Activity: Begin with the first line below and retype each line exactly through the line containing "r2 moto est". Any pictures are to be left out.

Data:
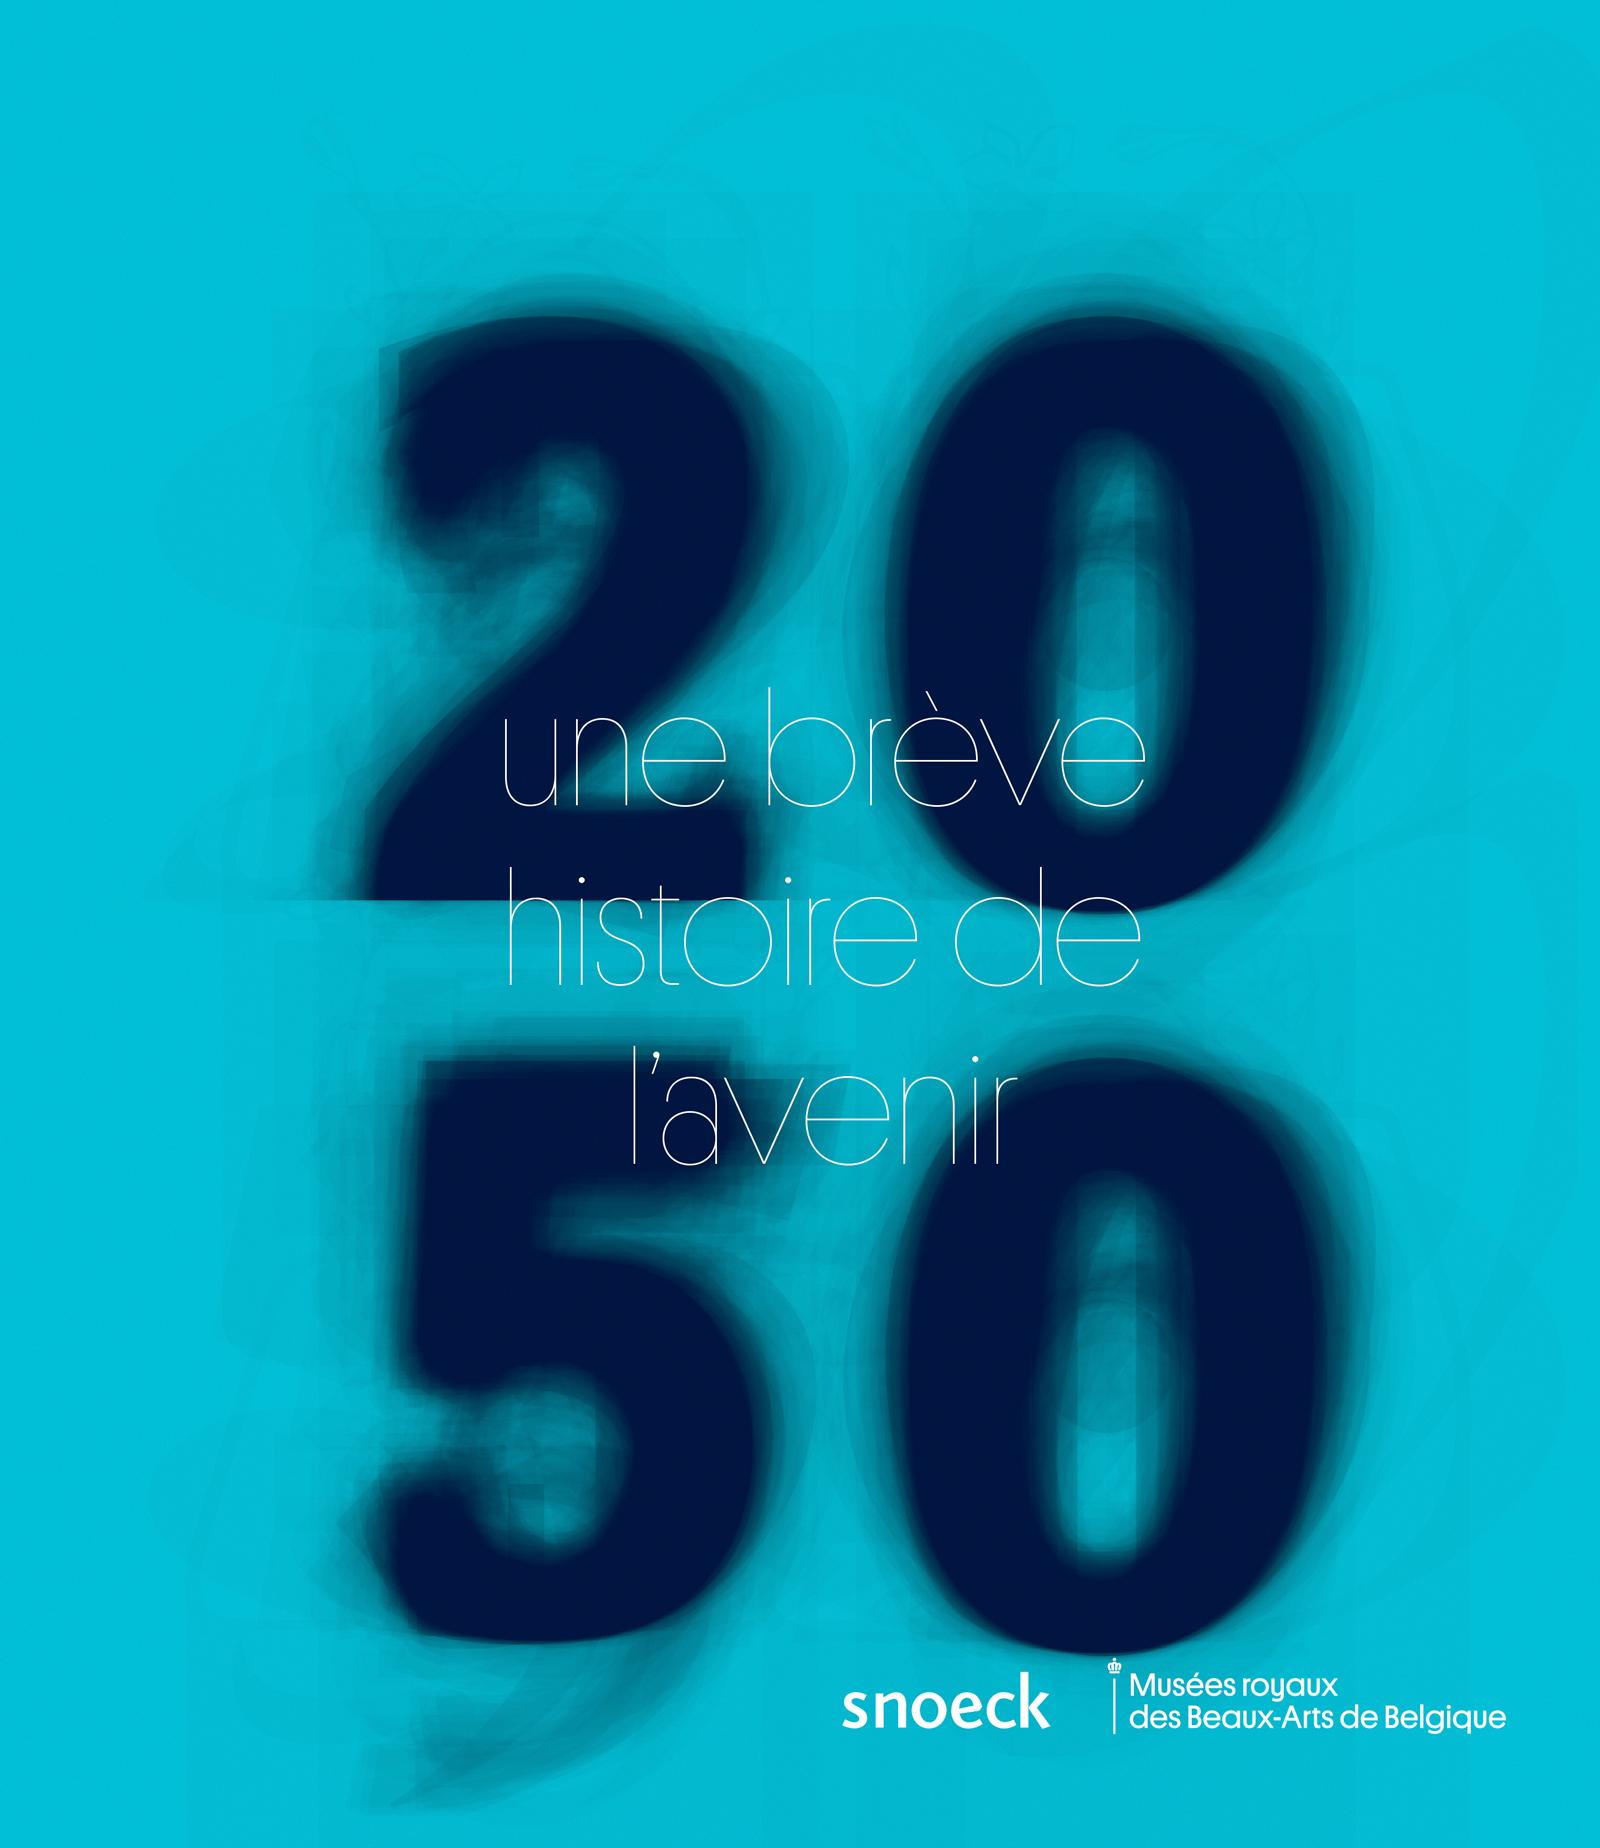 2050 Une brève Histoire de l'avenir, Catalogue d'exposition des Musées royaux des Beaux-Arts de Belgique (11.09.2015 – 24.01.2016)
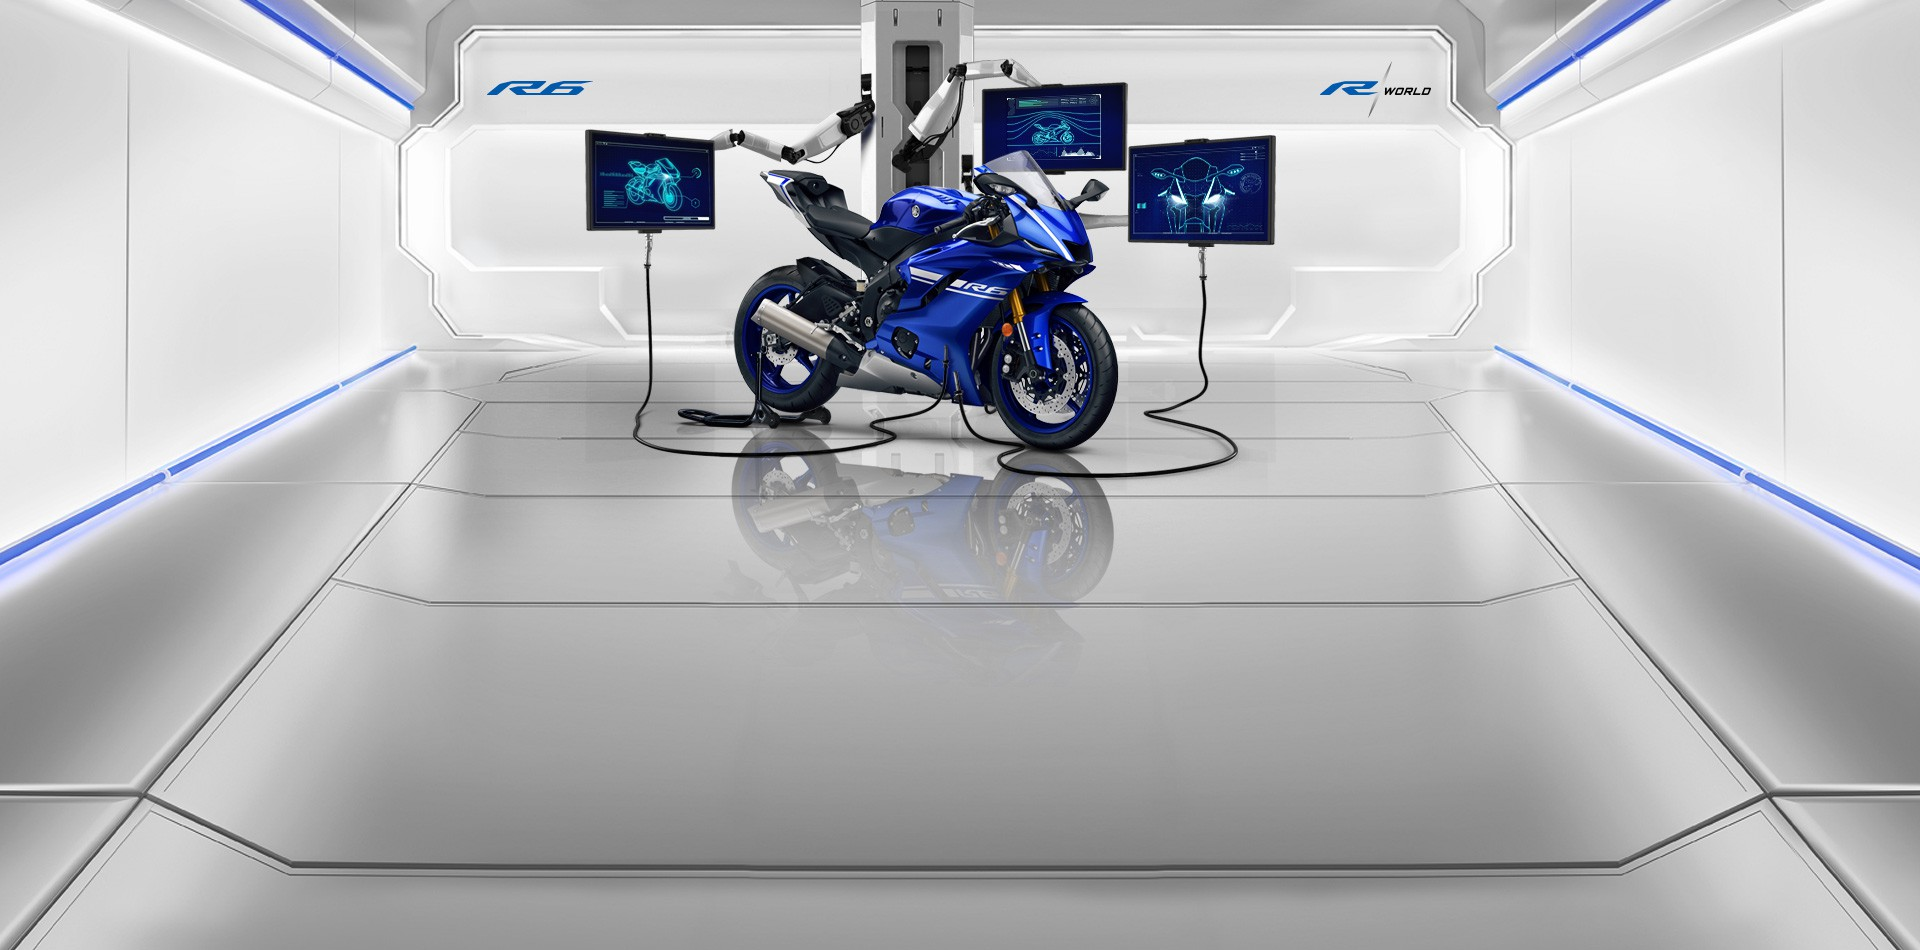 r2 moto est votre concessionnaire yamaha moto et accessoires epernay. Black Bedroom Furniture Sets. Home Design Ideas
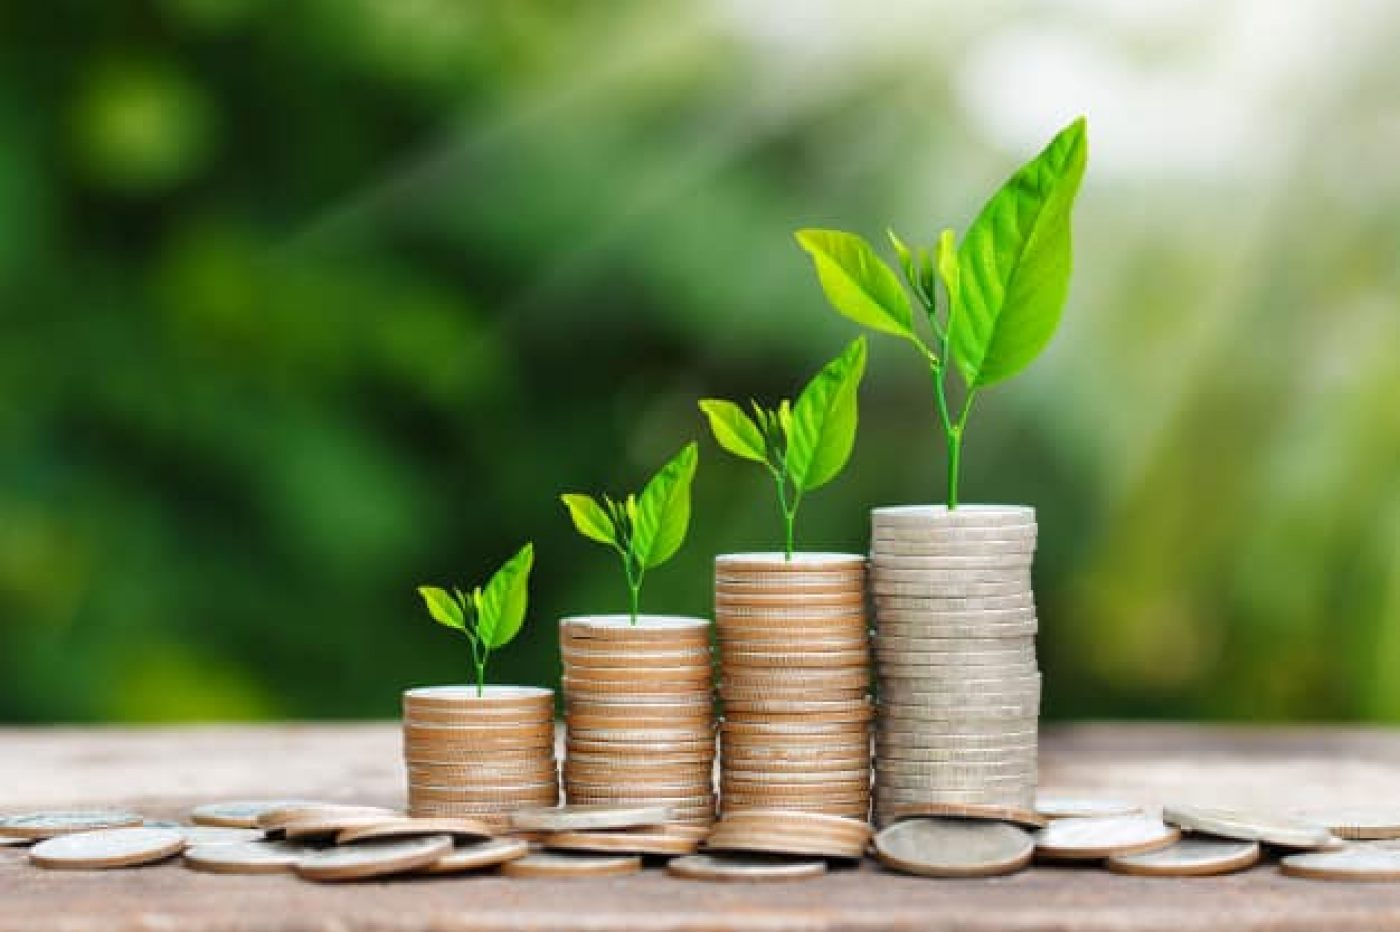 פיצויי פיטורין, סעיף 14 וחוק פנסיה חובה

Solution:
 2050 Une brève Histoire de l'avenir, Catalogue d'exposition des Musées royaux des Beaux-Arts de Belgique (11.09.2015 – 24.01.2016)
 r2 moto est votre concessionnaire yamaha moto et accessoires epernay. Black Bedroom Furniture Sets. Home Design Ideas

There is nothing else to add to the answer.